The party polled second place in the Flemish region with 18.6% of the overall vote, increasing its number of MPs in the Chamber of Representatives to 18 (its best result since 2007). In the Flemish Parliament the party also finished second, gaining 23 representatives.[36][37]
In response to the results there has been some speculation that the N-VA leader Bart De Wever may break the Cordon sanitaire imposed on the party by refusing to rule out talks with the VB as their strong results could make forming a coalition more difficult.[38][12] The ending of the Cordon Sanitaire was further speculated after the VB leader Tom Van Grieken was invited to a customary meeting with King Philippe for the first time along with the leaders of the other main parties. The former Vlaams Blok party had previously been denied a meeting with the King in 1991 and 2003.[32]
Ideology
The policies of the Vlaams Belang focus mainly on the issues of Flemish independence, opposition to multiculturalism, and defence of traditional Western values.
Flemish nationalism
The VB's main goal is to establish an independent Flemish republic. The party seeks a peaceful secession of Flanders from Belgium, citing in its program the dissolution of the Union between Sweden and Norway (1905), Czechoslovakia (1992), and the independence of Montenegro (2006) as examples that such would be possible. The reason to seek independence is given as the "enormous cultural and political differences between Flemings and Walloons," and according to the party, Belgian governments are also "paralyzed by ongoing disputes between Flemish and Walloon politicians."[39] Other stated reasons for this are the financial transfers from Flanders to the capital of Brussels and to Wallonia (Belgium's other half), which Vlaams Belang considers to be unjustified.

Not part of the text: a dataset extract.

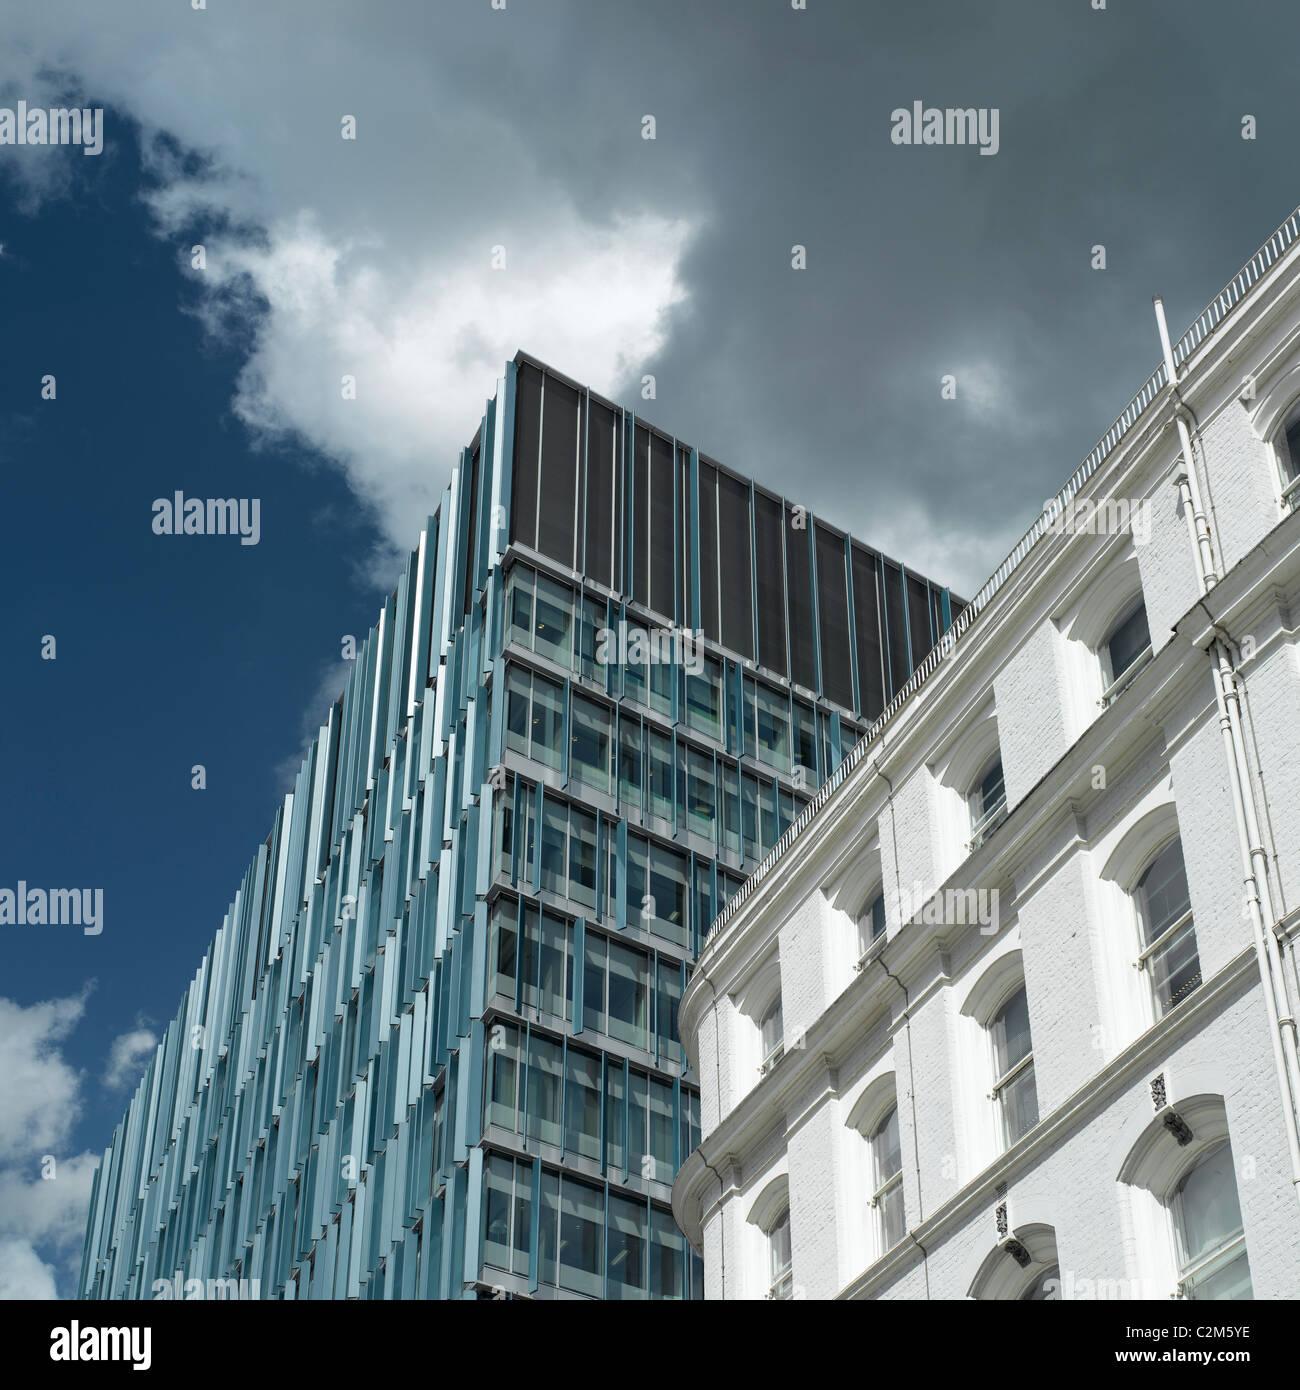 Bankside 1, Southwark, London. - Stock Image
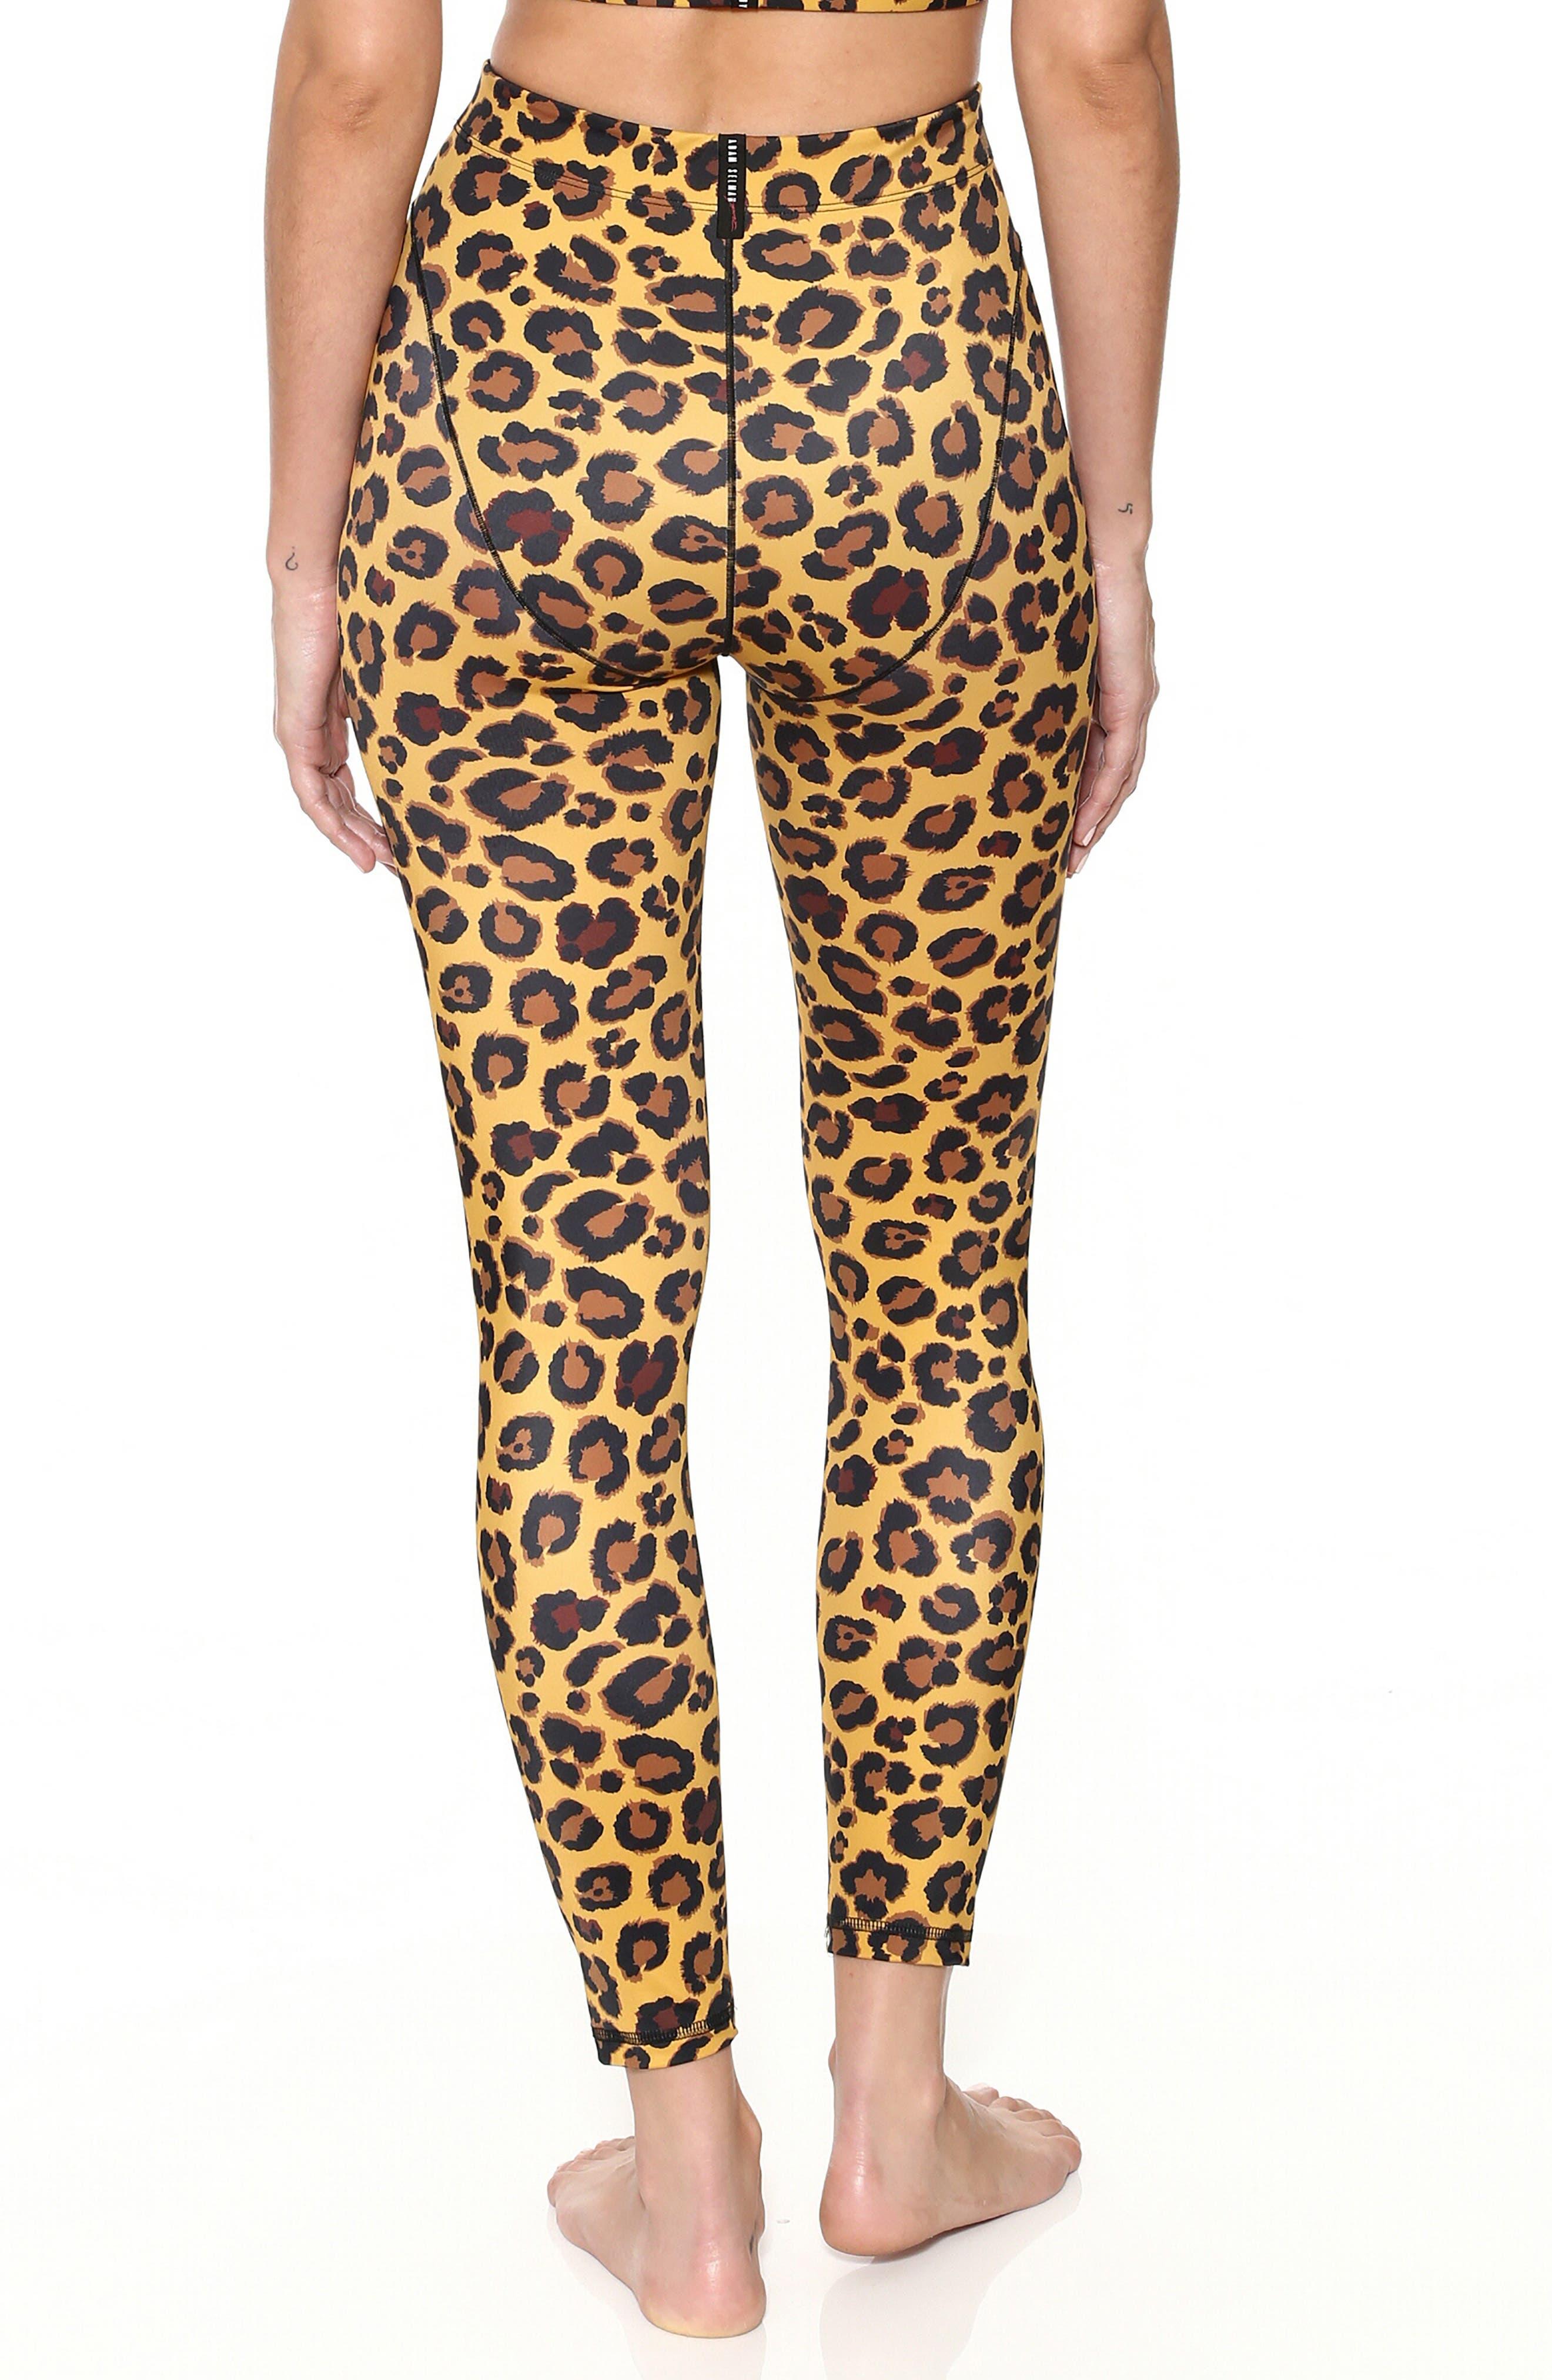 ADAM SELMAN,                             French Cut Leopard Leggings,                             Alternate thumbnail 2, color,                             HONEY LEOPARD

The party also calls for the exclusive use of the Dutch language in Flanders.[40] In contrast to its Vlaams Blok predecessor, the VB has downplayed and placed less emphasis on ethnonationalism in recent years when discussing Flemish national identity.
Domestic policies
The Vlaams Belang supports returning Brussels to the full control of Flemish region as opposed to its current state as a bilingual capital region.[40] The party also favours abolishing the Belgian Senate.[41]
Immigration and minorities
The Vlaams Belang official immigration policy has been slightly moderated from that of the former Vlaams Blok. In its new program, the party simply call for the repatriation of those immigrants who "reject, deny or combat" Flemish culture as well as certain European values, including freedom of expression and equality between men and women. Filip Dewinter has stated that women wearing the hijab have "effectively signed their contract for deportation."[42]
The former Vlaams Blok was according to political scientist Cas Mudde only very rarely accused of anti-Semitism – and even then, it was strongly condemned by the party leadership.[43] Accused of being anti-Muslim,[44][45] the party favors the expulsion of all who opposed Western values and after the March, 2016 terrorist attacks in Brussels, called for closed borders. The party is also opposed to what it regards as lenient immigration policies and state multiculturalism forced on the Flemish region by the Belgian federal government and the European Union, arguing that such policies leave Flanders vulnerable to terrorism and have eroded Flemish culture. It is also states that immigrants must adapt to Flemish values and culture rather than Flanders having to change to adopt the cultures of migrants, and that immigrants who cannot adapt to Flemish culture or laws should be offered incentives to voluntarily repatriate themselves. The party also supports the expulsion of illegal immigrants from Flanders.[46]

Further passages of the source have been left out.